Fix: Always verify which config file the process actually uses:
# Check the process command line
cat /proc/$(pgrep myapp)/cmdline | tr '\0' ' '
# Output: /opt/myapp/bin/myapp --config /opt/myapp/conf/app.conf
# Check the systemd unit file
systemctl cat myapp
# Look for: ExecStart= line with --config, -c, or -f flags
# Check for environment variables overriding config paths
cat /proc/$(pgrep myapp)/environ | tr '\0' '\n' | grep -i config
# Check what files the process has open
lsof -p $(pgrep myapp) | grep -E '\.(conf|cfg|yml|yaml|json|ini|properties)'
Gotcha: The Cron Job That Holds Everything Together¶
You're cleaning up cron jobs. One of them runs curl http://localhost:8080/internal/cleanup every hour. No documentation. No comments. You disable it to "see what happens." A week later, the database table has 50 million rows, the app is slow, and disk is filling up. The cron job was the only thing preventing unbounded data growth.
Fix: Before disabling any cron job, investigate what it does:
# Read the script or command
cat /etc/cron.d/mysterious-job
# If it calls a script, read the script
cat /opt/scripts/cleanup.sh
# If it calls a URL, check what that endpoint does
curl -v http://localhost:8080/internal/cleanup 2>&1 | head -20
# Check when it last ran successfully
# Look for output in /var/mail, /var/log/cron, or syslog
grep "mysterious-job\|cleanup" /var/log/cron 2>/dev/null | tail -5
journalctl -u cron --since "24 hours ago" | grep cleanup
# Disable by commenting, not deleting. Add a note.
# #DISABLED 2026-03-15 investigating purpose - @eric
# */60 * * * * curl http://localhost:8080/internal/cleanup
Gotcha: The User Account That's Actually a Service¶
You find a user account "jsmith" with a home directory full of scripts, a crontab with 15 entries, and SSH keys that other servers depend on. You disable the account because jsmith left the company two years ago. Half the infrastructure breaks because deployments, backups, and monitoring all ran as jsmith.
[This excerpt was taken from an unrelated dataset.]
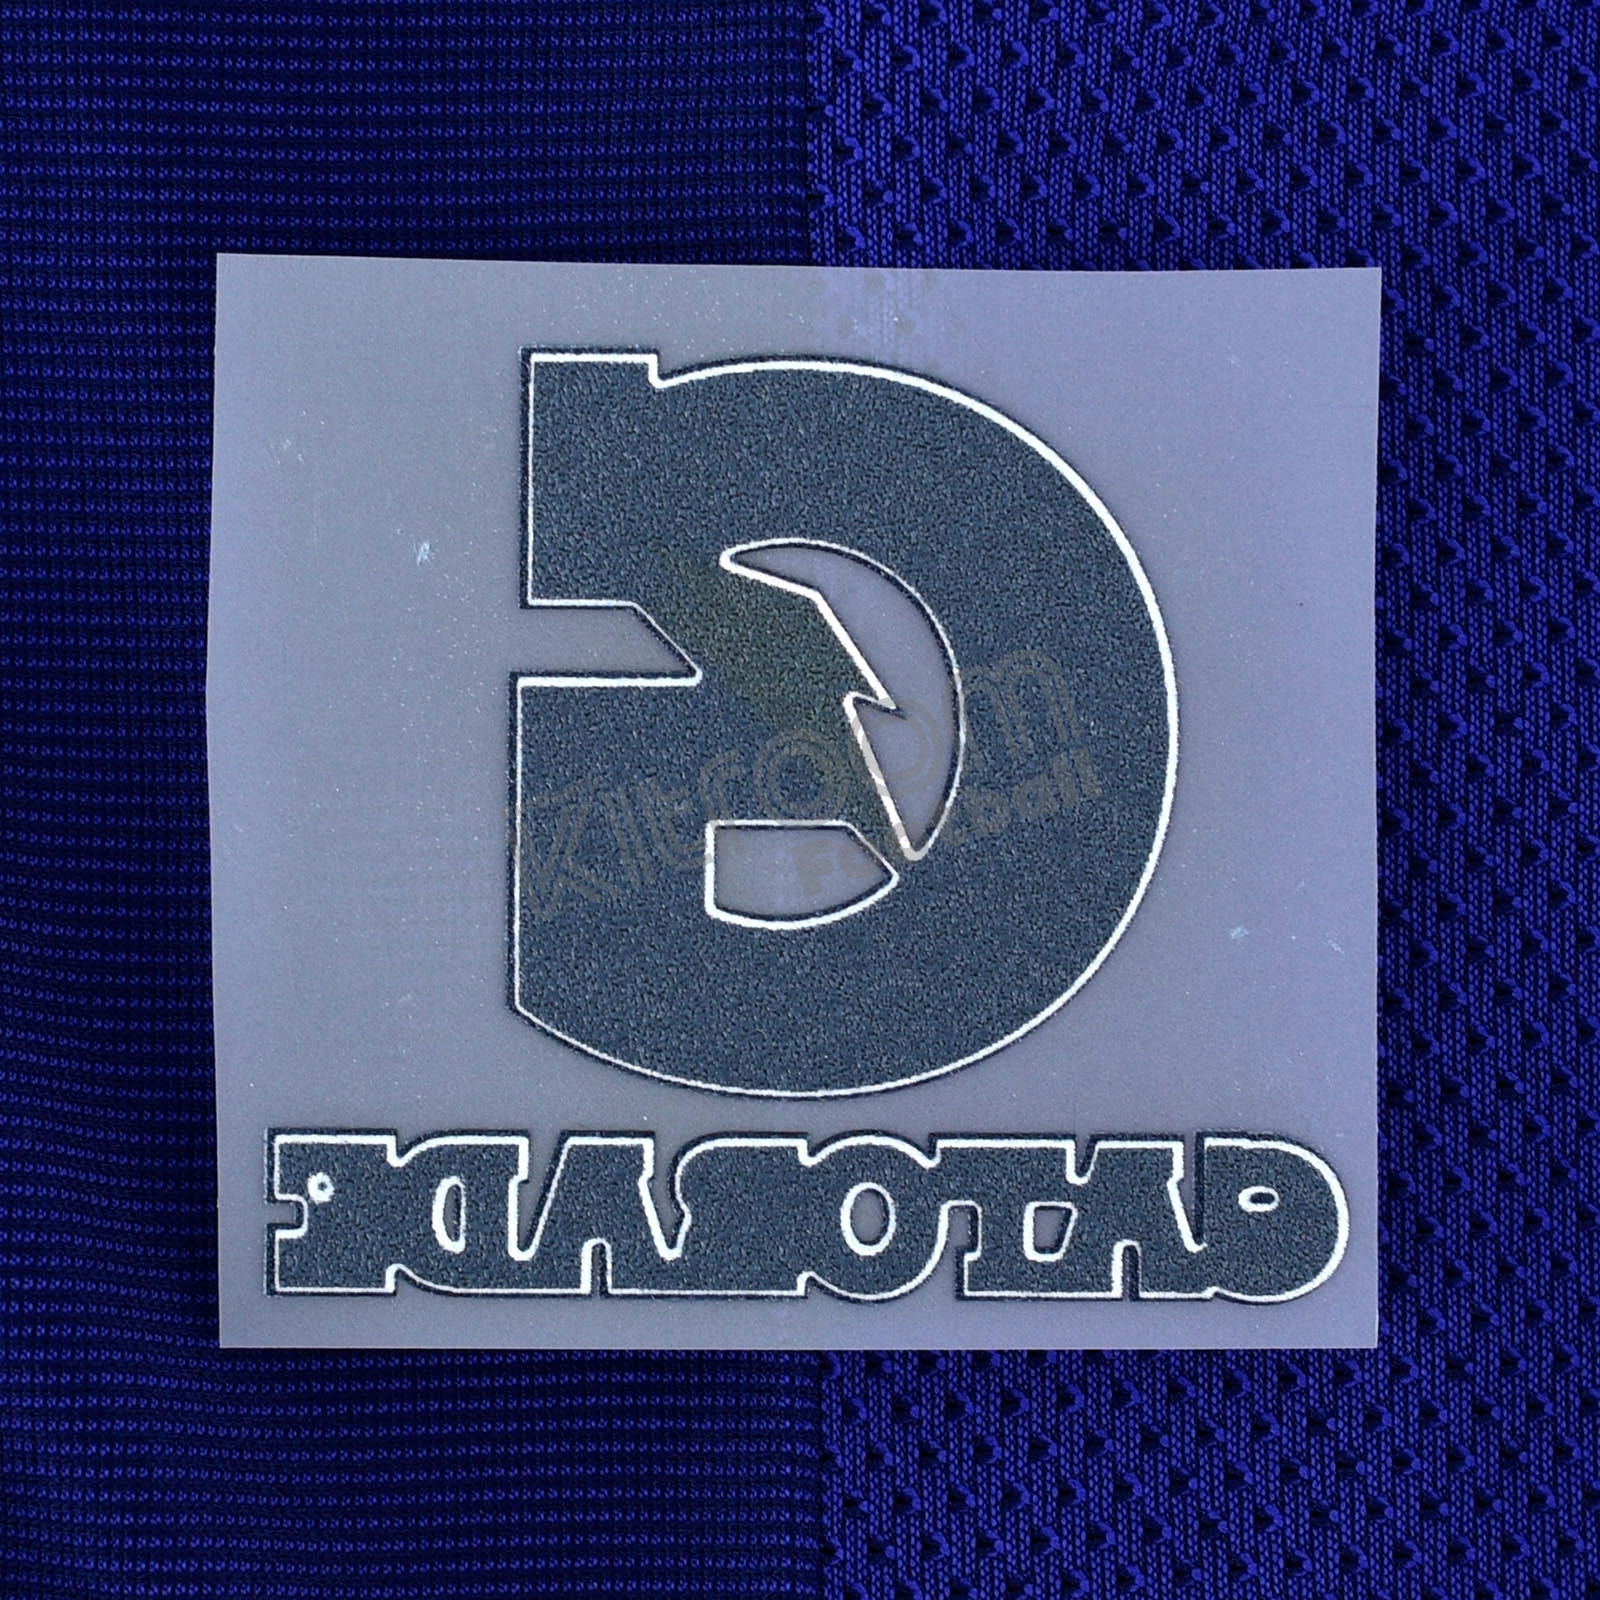 2014-16 barcelona preseason gatorade away player issue patch.
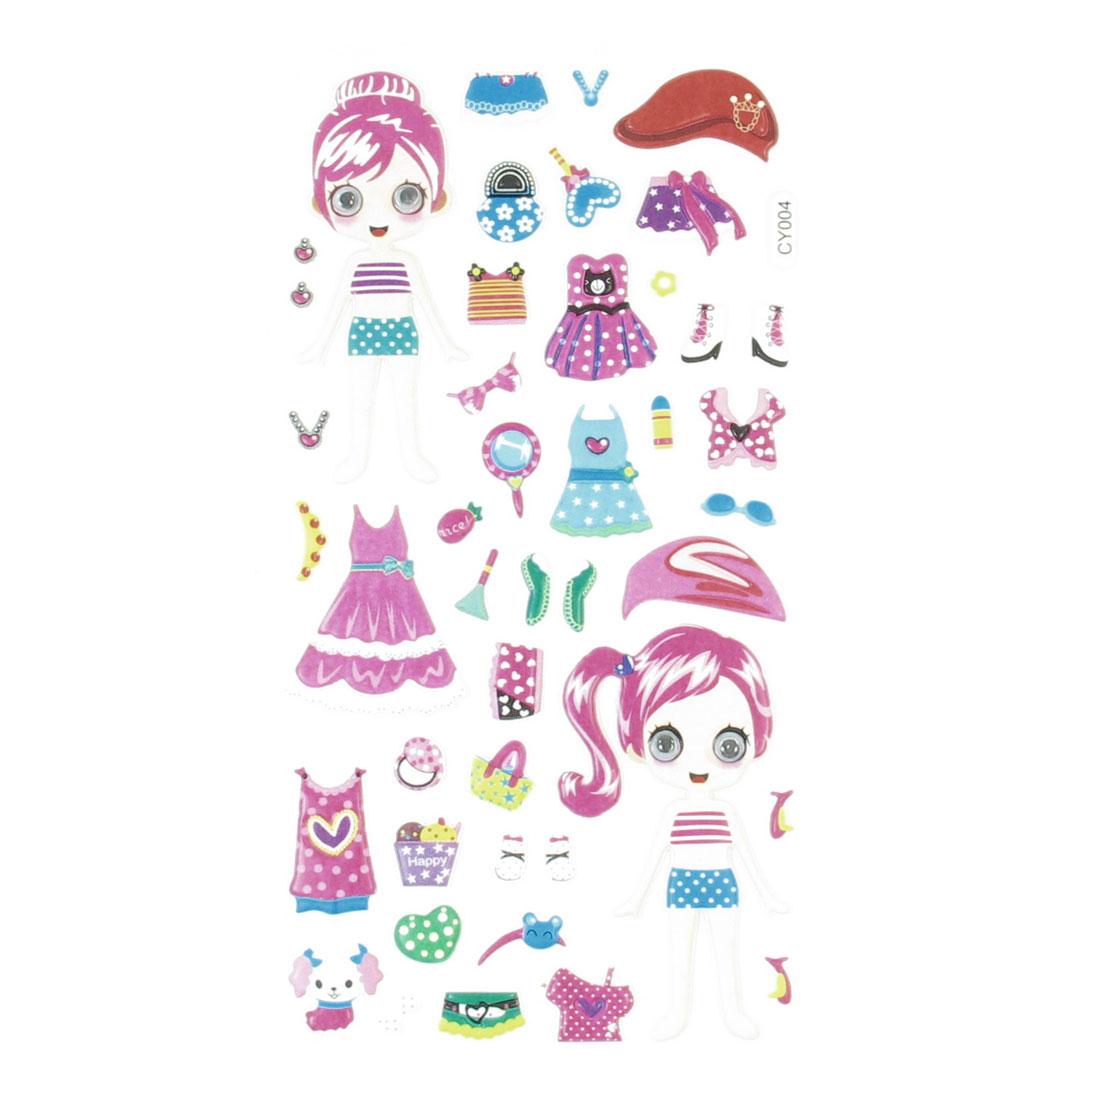 Wobble Eyes Girl Dolls Dress Up Skirt Pattern Crafts DIY Sponge Sticker

Fix: Before disabling any user account:
# Check if the user has a crontab
crontab -l -u jsmith 2>/dev/null
# Check if any services run as this user
ps aux | grep jsmith
systemctl list-units --type=service | xargs -I{} systemctl show {} -p User | grep jsmith
# Check if any SSH authorized_keys reference this user
grep -r "jsmith" /home/*/.ssh/authorized_keys 2>/dev/null
# Check if other servers connect via this user's SSH keys
cat /home/jsmith/.ssh/known_hosts 2>/dev/null | wc -l
# Check for files owned by this user outside home
find /opt /srv /etc -user jsmith 2>/dev/null | head -20
# Proper procedure: create a service account, migrate everything,
# then disable the personal account
Gotcha: Git Says One Thing, Production Says Another¶
The git repo has a clean, well-documented Ansible setup. You assume production matches. It doesn't. Someone applied a hotfix directly to production during an incident six months ago and never committed it. Your next Ansible run will revert the hotfix and re-create the incident.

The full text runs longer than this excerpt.